Thursday, the CDC announced now that 1 out of 68 children fall into the spectrum of Autism.

The Autism Spectrum Disorder is the term to used describe children with neuro-developmental disorders that impairs social skills. Autism is called a spectrum disorder because no two children is similar: if one child has high IQ and low social skills, the other may have low IQ and severe sensitivity to touch.

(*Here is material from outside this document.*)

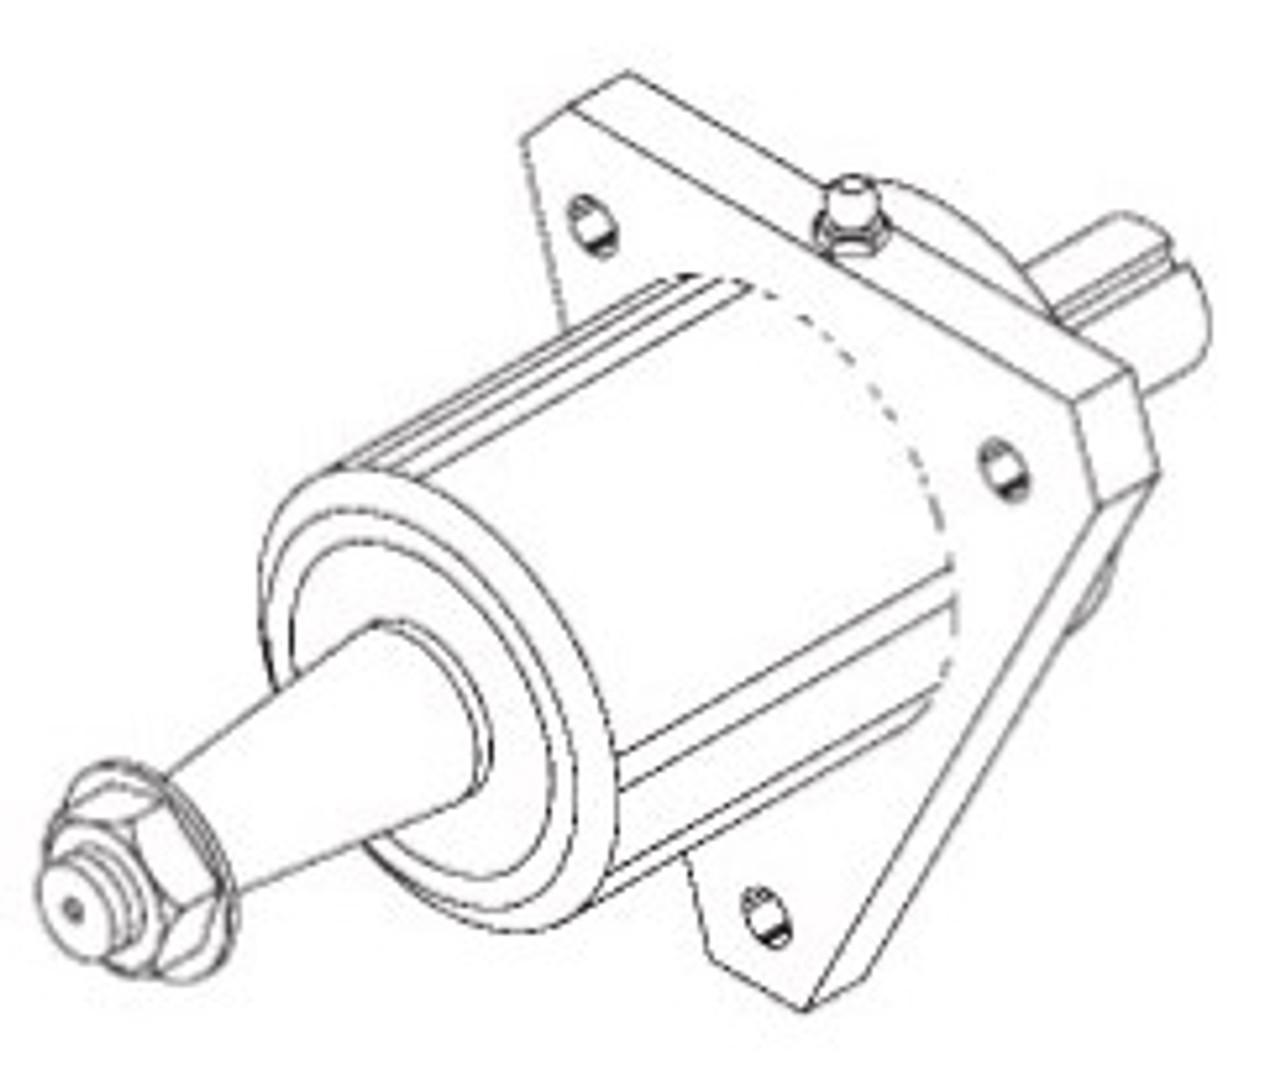 Butcher Boy SA20 - Lower Wheel Main Bearing Housing Assembly - BB181A

The CDC released the new data in the "Prevalence of Autism Spectrum Disorder among Children Aged 8 Years - Autism and Developmental Disabilities Monitoring Network, 11 Sites, United States, 2010." It found roughly 30 % higher incidence than previous estimates reported in 2012 of 1 in 88 children being identified with an autism spectrum disorder.

The number of children identified with ASD ranged from 1 in 175 children in Alabama to 1 in 45 children in New Jersey.

The CDC study showed that autism is five times more common among boys than girls: 1 in 42 boys versus 1 in 189 girls.

The study found that almost half of children identified with ASD have average or above average intellectual ability (an IQ above 85) compared to a third of children a decade ago.

Coleen Boyle, director of CDC's National Center on Birth Defects and Developmental Disabilities, say "Community leaders, health professionals, educators and childcare providers should use these data to ensure children with ASD are identified as early as possible and connected to the services they need."

Research has sown children with autism can manage better if they undergo therapies such as behavior or occupational therapy. Many see improvements through diet as well.